Leslie Ashburn-Nardo of Indiana University-Purdue University Indianapolis had a crew of undergrad psych students tell study participants that they were researching people’s intuition and how well they can predict the future. Participants were then told a story about married adults. In some versions of the story, the adults had children. In others, they did not. Sometimes the story was about a married woman and sometimes about a married man.
Participants displayed “significantly greater moral outrage” toward all adults — men and women — who chose not to have children. “In other words,” the author concluded, “not having children is seen not only as atypical but also as wrong.”
The study suggests that having kids is seen as a moral imperative, and failing to fulfill expected roles justifies backlash.

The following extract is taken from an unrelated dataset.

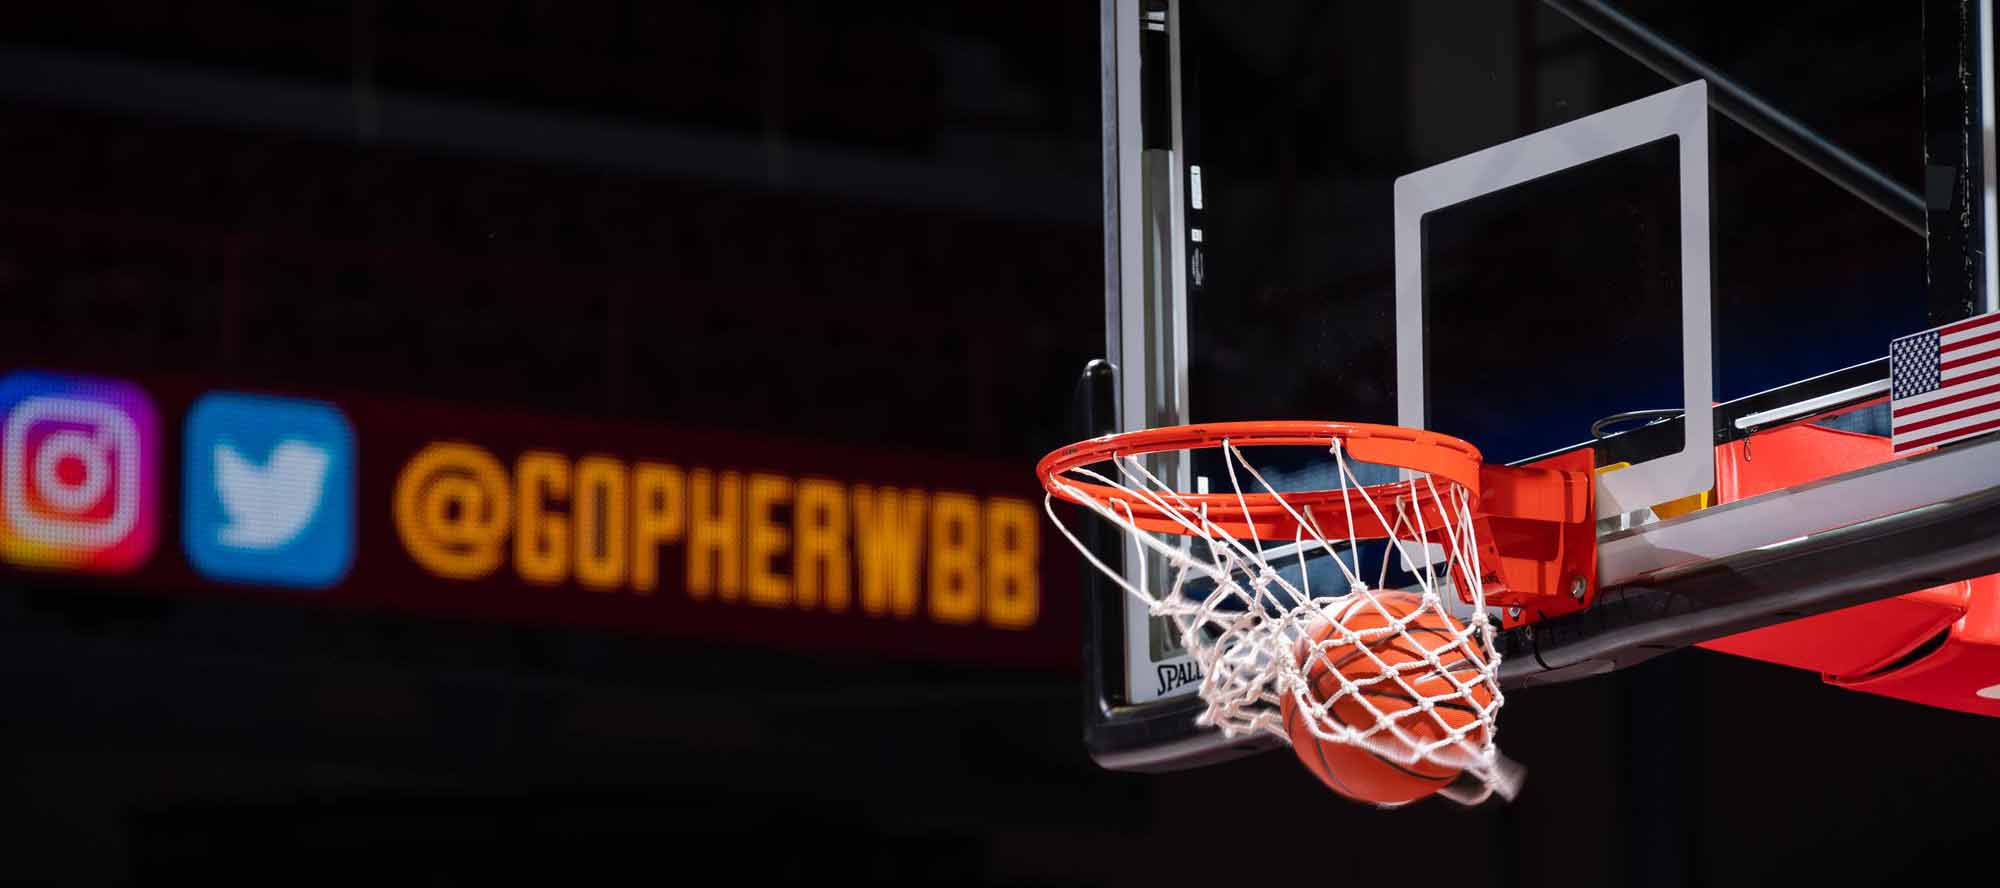 Big 12 Conference 2021-22 basketball

So: “If you don’t have kids, you’re not normal and I get to judge you for it.”
Except not having kids is becoming increasingly more normal. According to the U.S. Census Bureau’s Current Population Survey, in 2014, 47.6 percent of women ages 15-44 had never had children. This was up from 46.5 percent in 2012 and the highest rate since the Census began tracking that sort of thing in 1976.
Obviously, many of those women will eventually become moms. Many because that’s what they really want. Yay! But sadly, others will become parents simply because that’s what is expected of them. I worry for those women. I worry more for the kids they will have.
Some will work it out (again: yay!), but others will become the headlines that make us gasp. Or they will quietly, desperately spend their lives being miserable and making their children miserable.
I can’t read hearts and minds. I have no idea which person will have which experience with parenting. But if someone tells me that having kids isn’t for them, I think it’s wise to trust that.
I’ve been there
I’ve been on both sides. I was married nearly 10 years before I had kids. I got the judging looks and questions from people who had no business speculating on my uterus’ to-do list.
And when the time seemed right, we had kids. I don’t regret that choice for a second.
I’m glad I waited, though. Having kids in my 20s would not have been a smart move for so many reasons. And if I had never chosen to have kids, I think I would have been perfectly happy with my life.
Not having kids (right now or even ever) isn’t a moral outrage. Sometimes, it’s just being self-aware and responsible.